Prdm16-Mediated Browning is Involved in Resistance to Diet-Induced and Monosodium Glutamate-Induced Obesity.

PURPOSE

To investigate resistance to diet-induced obesity (DIO) and monosodium glutamate (MSG)-induced obesity as well as the underlying mechanisms.

METHODS

Newborn mice were used to construct DIO and MSG-induced obesity models. Obesity indices, such as body weight, body length, Lee index, body temperature, food intake, fat weight, and leptin level, were examined. Mice that did not exhibit obesity were defined as the obesity-resistant group.

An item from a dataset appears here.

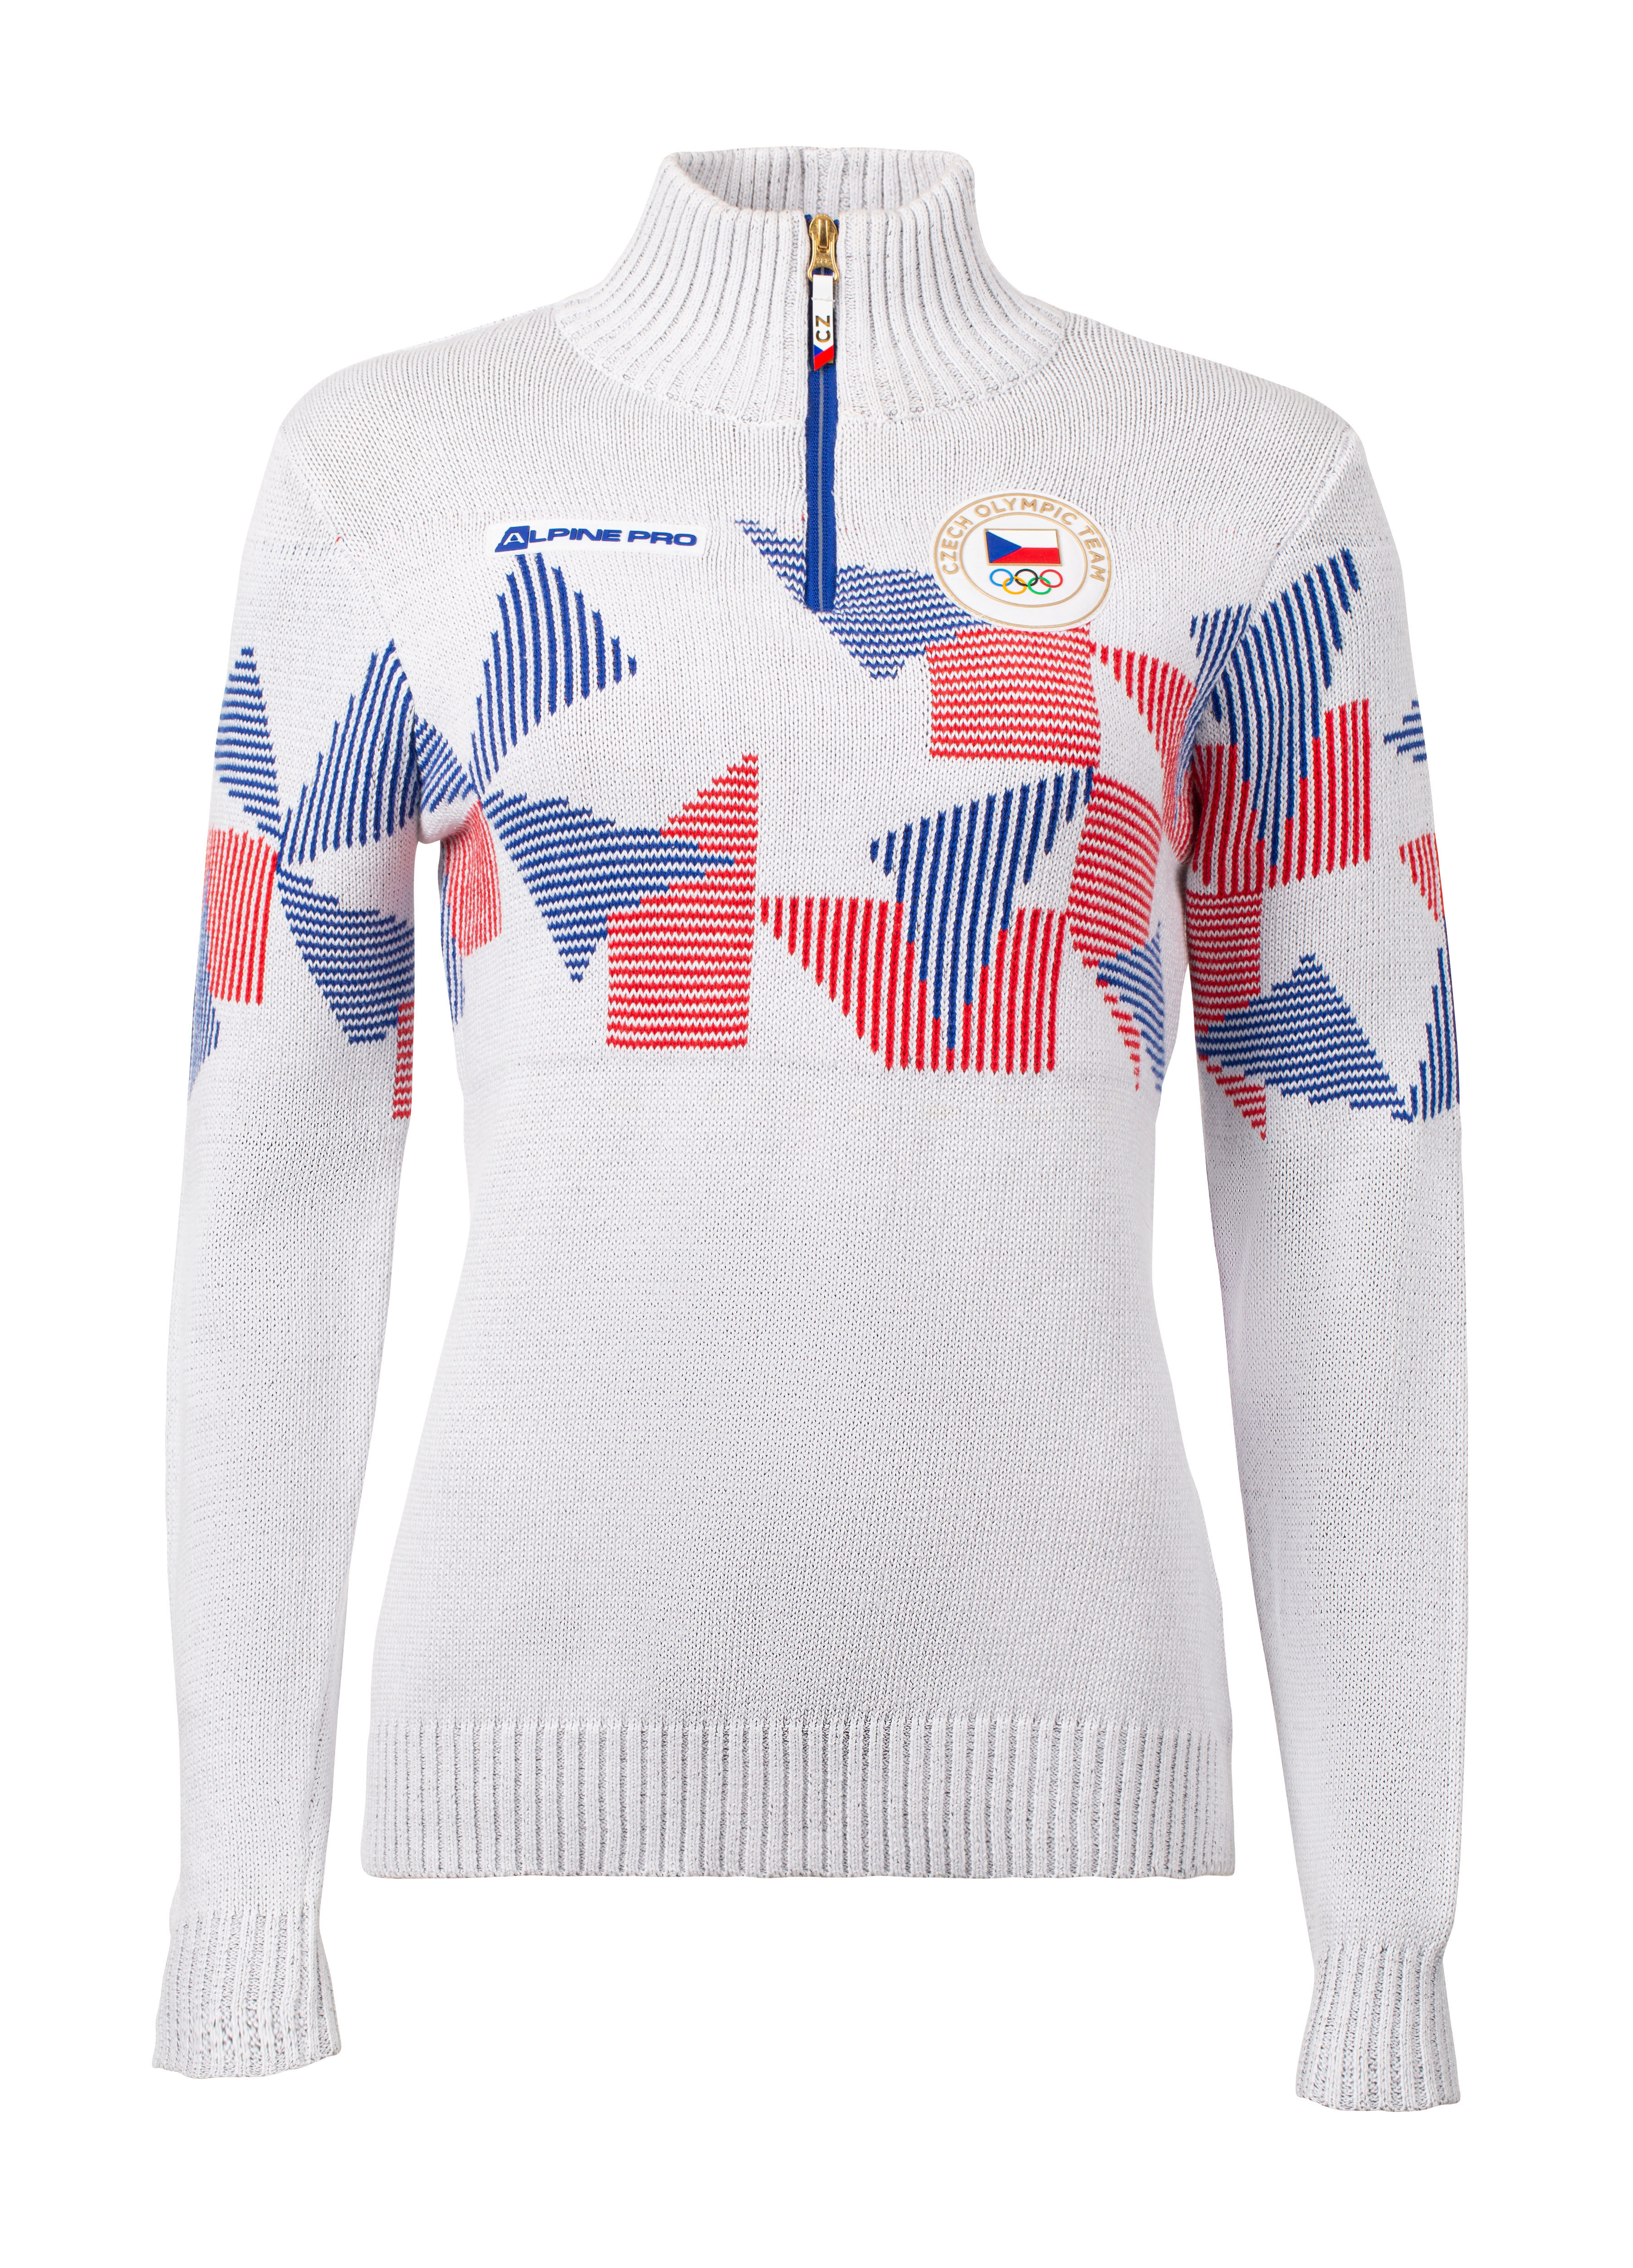 Dámsky sveter z olympijskej kolekcie ALPINE PRO JIGA biely variant m

The morphological changes of white adipose tissue were observed by hematoxylin and eosin staining, and expression levels of PR domain containing 16 (Prdm16) and uncoupling protein-1 (Ucp-1) in white adipose tissue were measured by Western blot.

RESULTS

Obesity-resistant mice fed a high-fat diet showed resistance beginning at week 5 along with lower weights and lengths than those in the obesity group from weeks 5 to 12. MSG-induced obesity-resistant mice showed features consistent with resistance to obesity from week 1 along with higher body lengths relative to the obesity group; however, the weight difference was not significant until week 10, when body weights decreased significantly in obesity-resistant mice. The Lee index was lower in obesity-resistant mice than in the obesity group and the normal group, further suggesting obesity resistance. Additionally, obesity-resistant mice showed higher levels of leptin, whereas obese mice induced by a high-fat diet showed leptin resistance. Furthermore, Prdm16 and Ucp-1 levels were both downregulated in the obesity group and upregulated in obesity-resistant mice, showing that white fat browning was highest in obesity-resistant mice.

CONCLUSION

The phenotypes of mice with DIO and MSG-induced obesity differed. Obesity resistance might be related to Prdm16 and Ucp-1-mediated white adipocyte browning.